Doctors couldn't help. They turned to a shadow system of DIY medical tests.

Doctors couldn’t help. They turned to a shadow system of DIY medical tests.

Buoyed by regulatory vacuums, Silicon Valley is building a booming online wellness market that aims to leave the doctor’s office behind.

By Elizabeth Dwoskin, Daniel Gilbert and Tatum Hunter
June 9, 2024 at 6:02 a.m. EDT



Angelika Sharma at home in Livingston, N.J., with her 3-year-old daughter Annika. Sharma turned to a medical start-up to learn the cause of her daughter's food sensitivities. (Melanie Landsman for The Washington Post)

Angelika Sharma was desperate. An array of basic first foods — from bananas to sweet potatoes — caused her six-month old Annika to vomit uncontrollably, so many times in one night that she landed in the hospital for dehydration.

Half a dozen pediatric specialists largely dismissed her daughter’s ailments, Sharma said, forcing her to leave her job as a hospitality executive, because "you can’t just have any babysitter looking after a child” with such serious reactions to food.

After a year and a half, an answer came finally in the form of a Facebook ad for Tiny Health, a Silicon Valley start-up that could test her baby’s gut microbiome. Using a bead of stool swabbed from a diaper, the company diagnosed the problem: Annika’s gut was overcrowded with P. vulgatus, a common bacteria. A company nutritionist recommended a probiotic, sauerkraut and exposure to animal microbes through daily visits to the petting zoo. … Within months, Annika’s food reactions were normal. More tests showed a gut transformed.



Sharma has a meal with her daughter. (Melanie Landsman for The Washington Post)

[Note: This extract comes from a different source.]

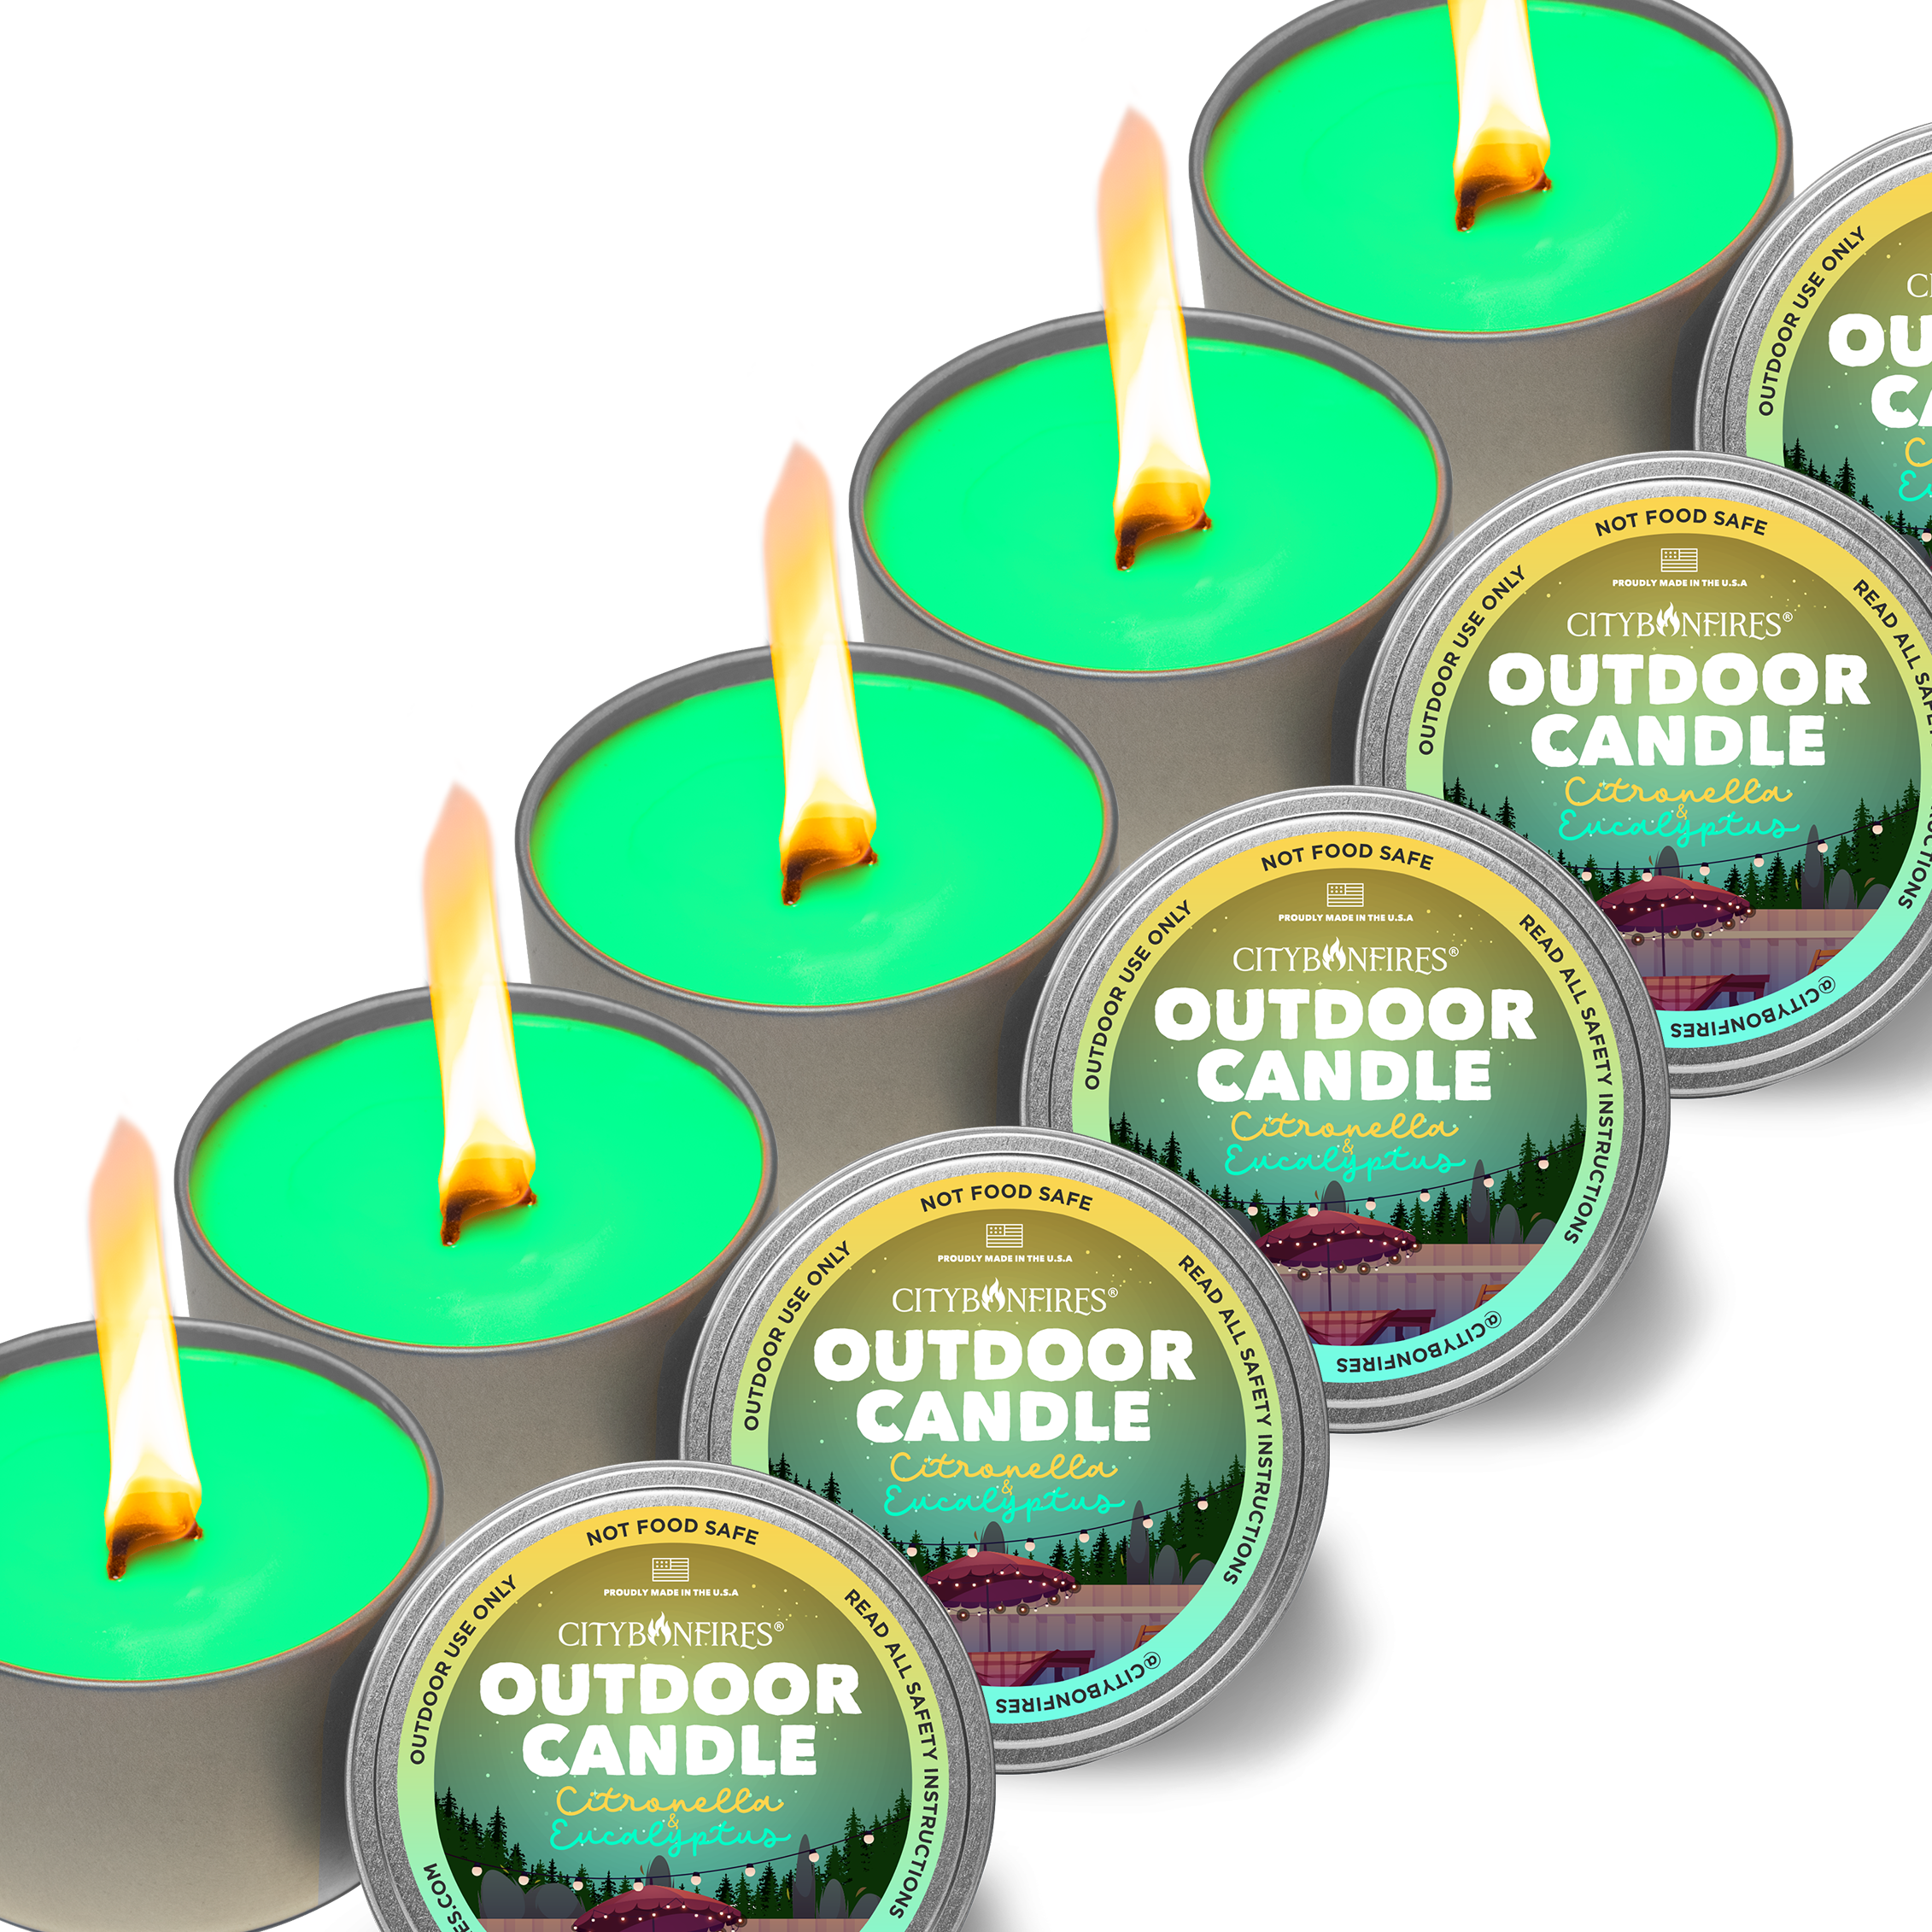 The Outdoor Candle - Citronella and Eucalyptus

A new world of DIY testing is changing the relationship between physicians and patients, allowing people like Sharma to bypass the doctors office and take medical tests on their own. Buoyed by a growing network of independent labs, Silicon Valley start-ups now offer tests for a battery of conditions including menopause, food sensitivity, thyroid function, testosterone levels, ADHD and sexually-transmitted diseases. The growth is fueled by a growing distrust of Big Medicine and confidence in home-testing borne from the Covid pandemic.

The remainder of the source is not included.